I had a whole summer of chocking where I lost like 16 matches in a row, some in a very spectacular chocking fashion (like a f*cked up 5 match-points in one of my matches). And I always felt bed during the match and after the match, so I stoped caring about the end result. And there were matches when I just didn't want to be on court, regardless of the opponent's level. Seeing that I started to read a lot of theory on mentality in tennis, but it was always hard to put it into practice.
And when I had a match that I knew I would never win. As a Nr 17 000-something in the country I played a top 200 player. And although I've lost 0:6 0:6, I also played the best tennis of my life, I had no inner restraints, I kick-served and sliced the second serve as I knew I could, and didn't serve my usual "100 % in 0 km/h" chicken-sh*t-serve, and so on, and I just memorised the way I've played.

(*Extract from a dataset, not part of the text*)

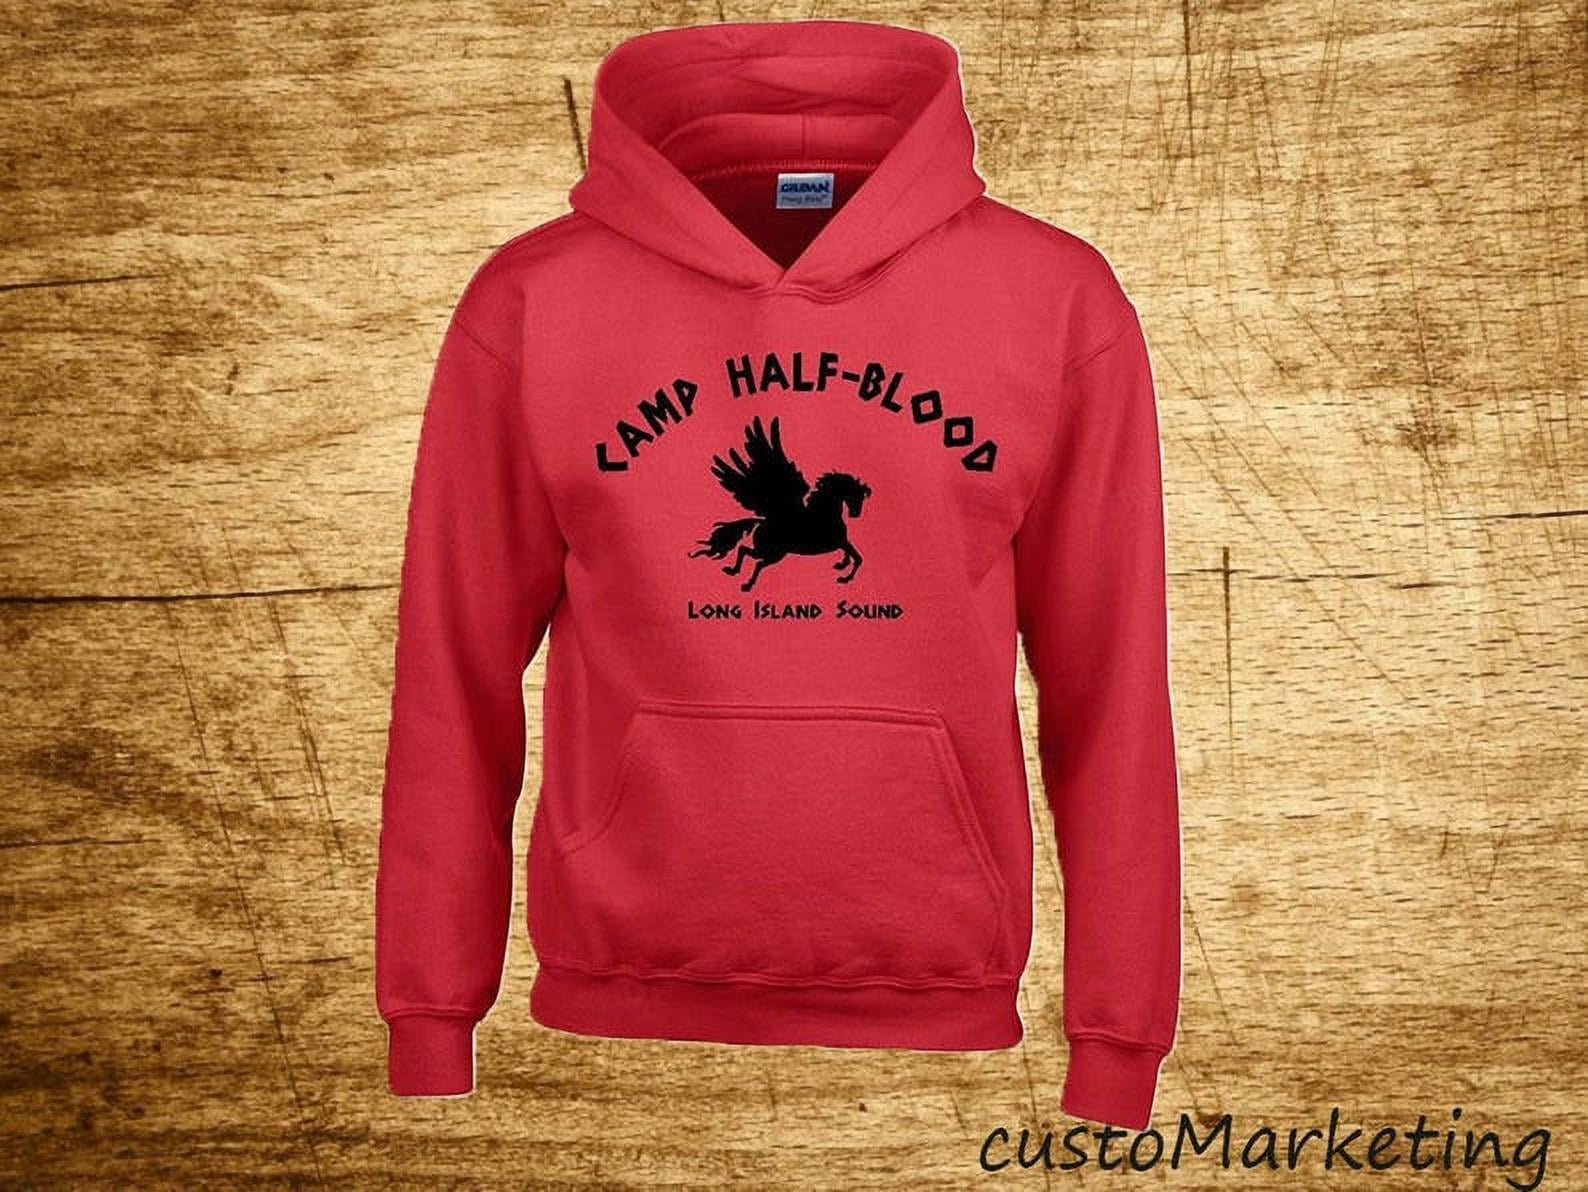 Camp Half Blood Long Island Sound Shortsleeve T-shirt | Available in Adult  Unisex | Women's | Kids Sizes
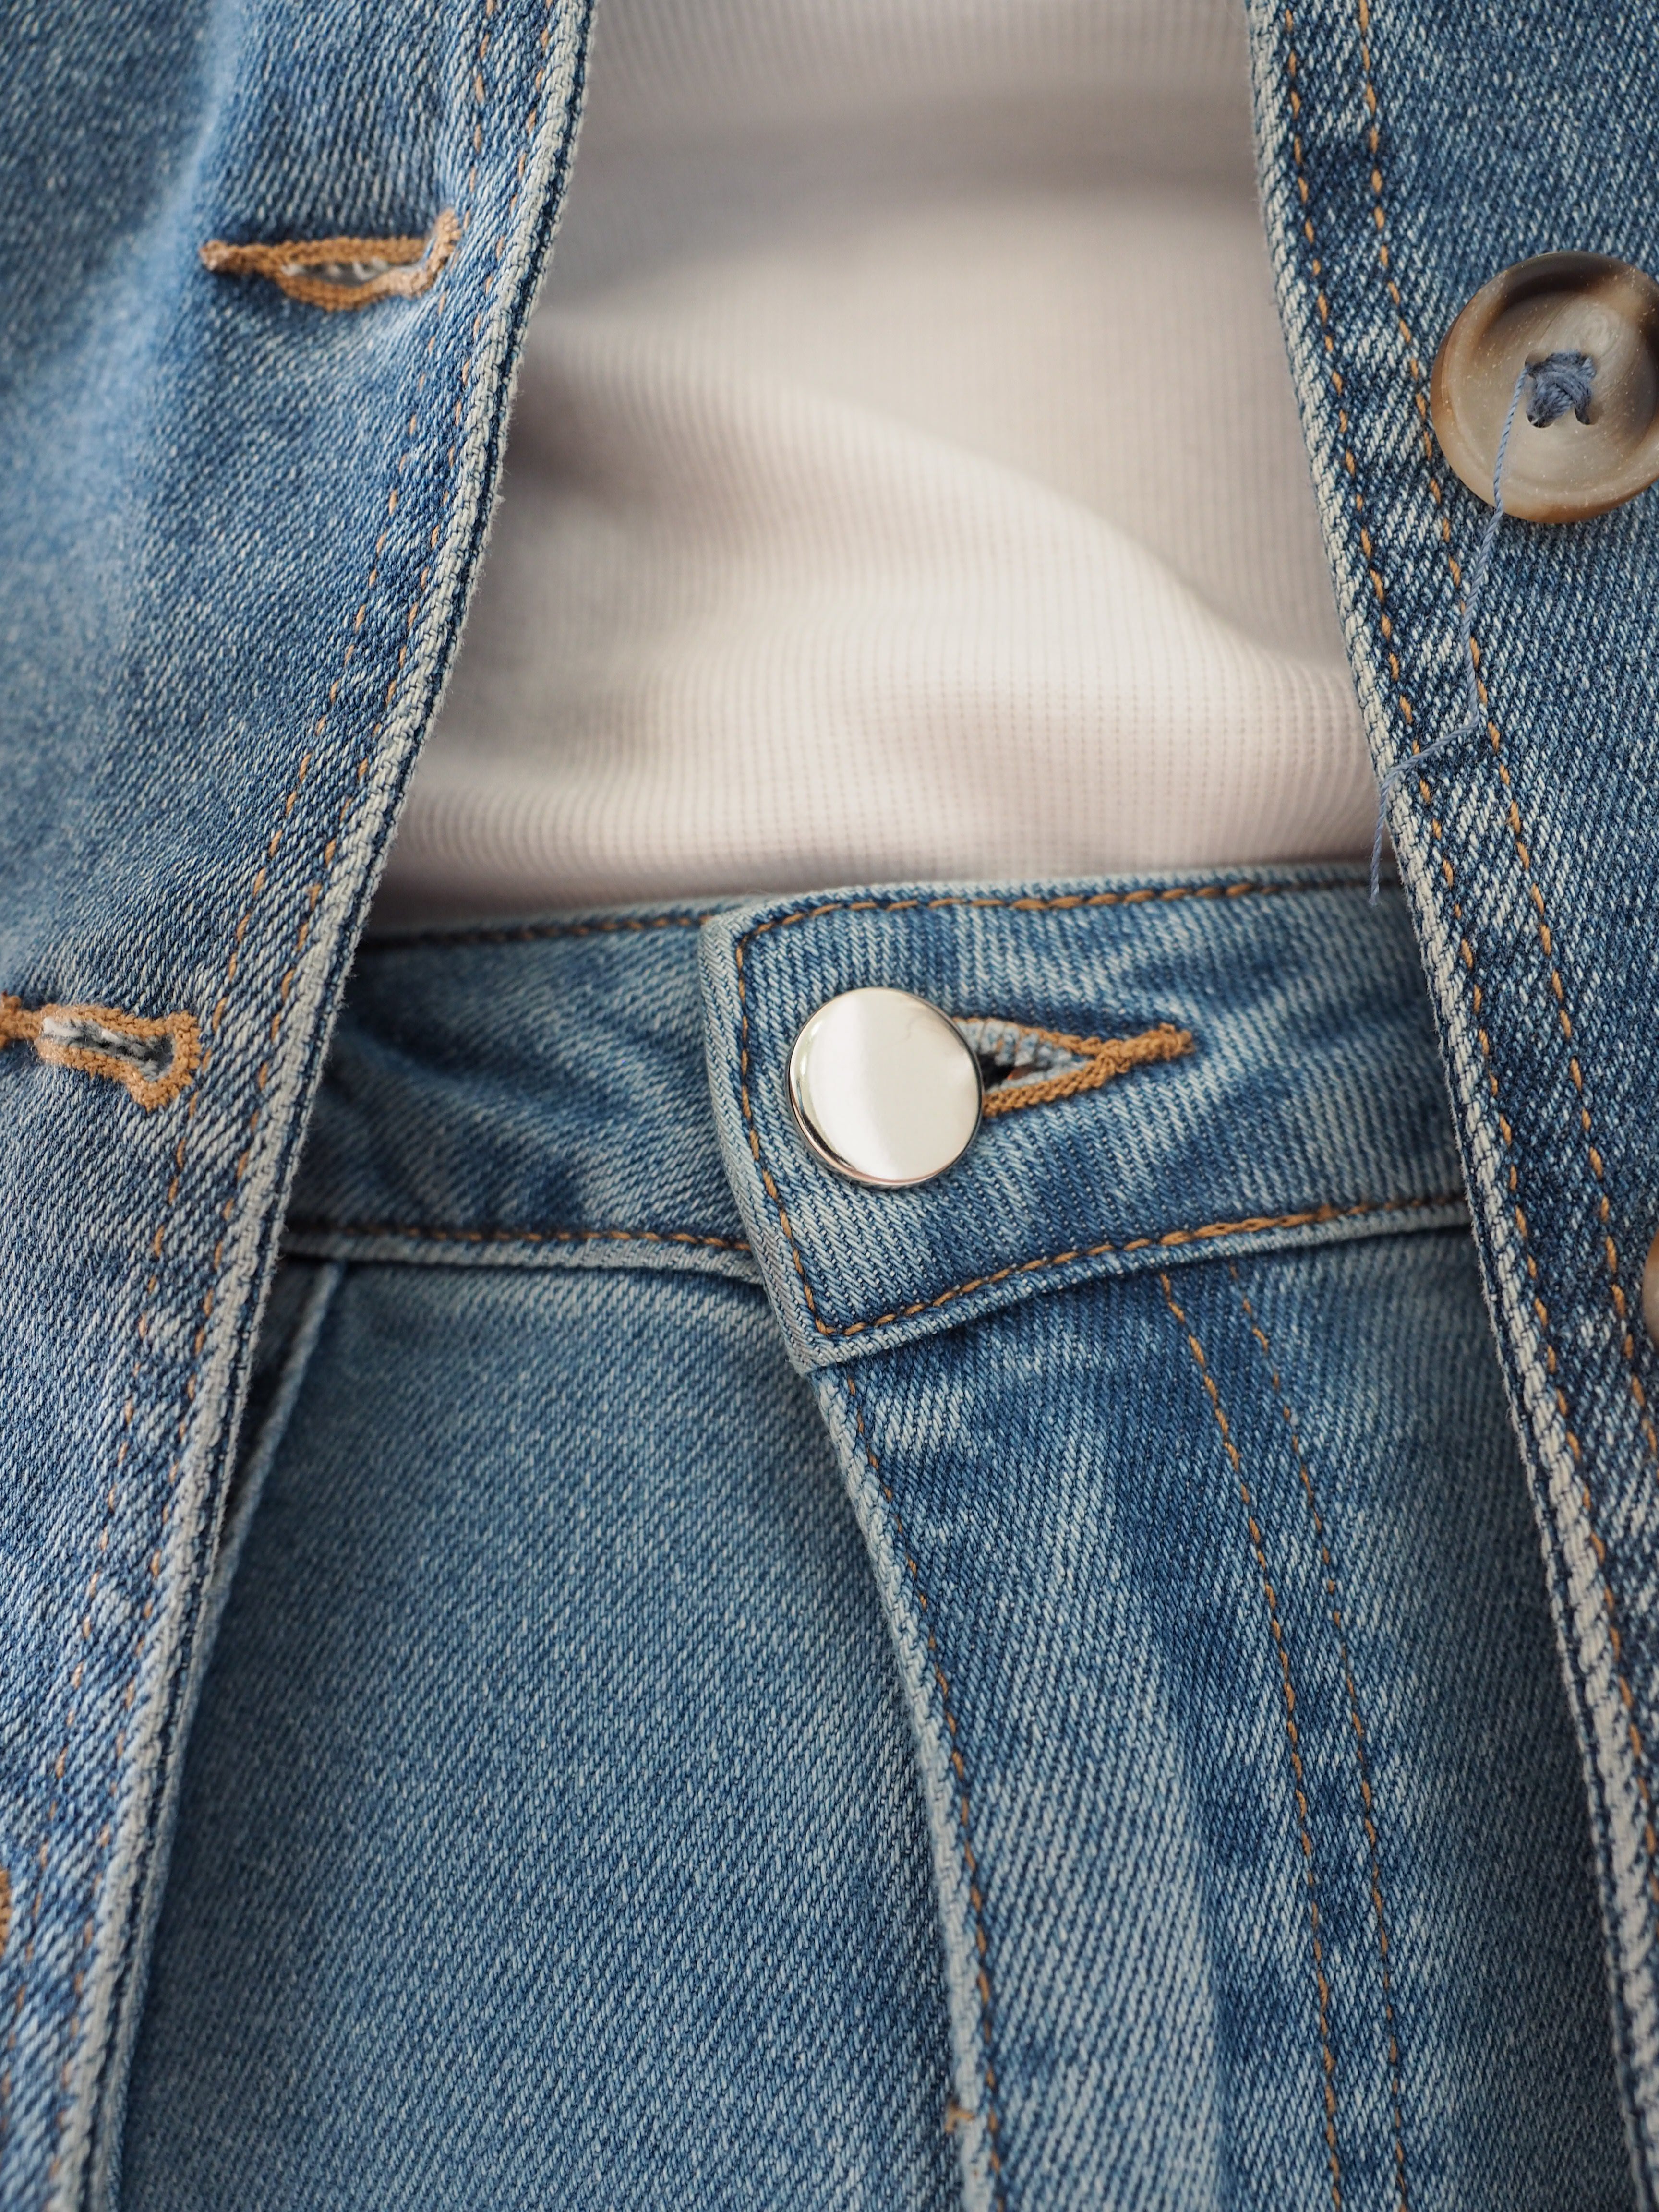 Removable Button Pins / Denim Pins (2 Pack)

Then another thing came to my mind: I spend money on coaches, I pay the club fee, I pay tournament money, I pay for stringing jobs, and if I can't play a good match and win, it means I just spend all that money for nothing. I was kinda furious at myself and decided that from now on I will play the best I can regardless of the result and I will just enjoy my game as I did in that match. It's still hard for to play in the present not thinking about the outcome, but I just decided to fight more, try to go for every ball and do what I can do best on court. I think now I've chocked mostly because I didn't enjoy being on court, and I probably subconsciously never wanted to win too (for many reasons, including empathy). It is kind a banality, but it really helped me. In my last tournament last week I've made it to the final for the first time in my life (although there were only 4 rounds) really just thinking that I have to enjoy my strokes, my movements and my tactical decisions and that I don't have to care for lost points.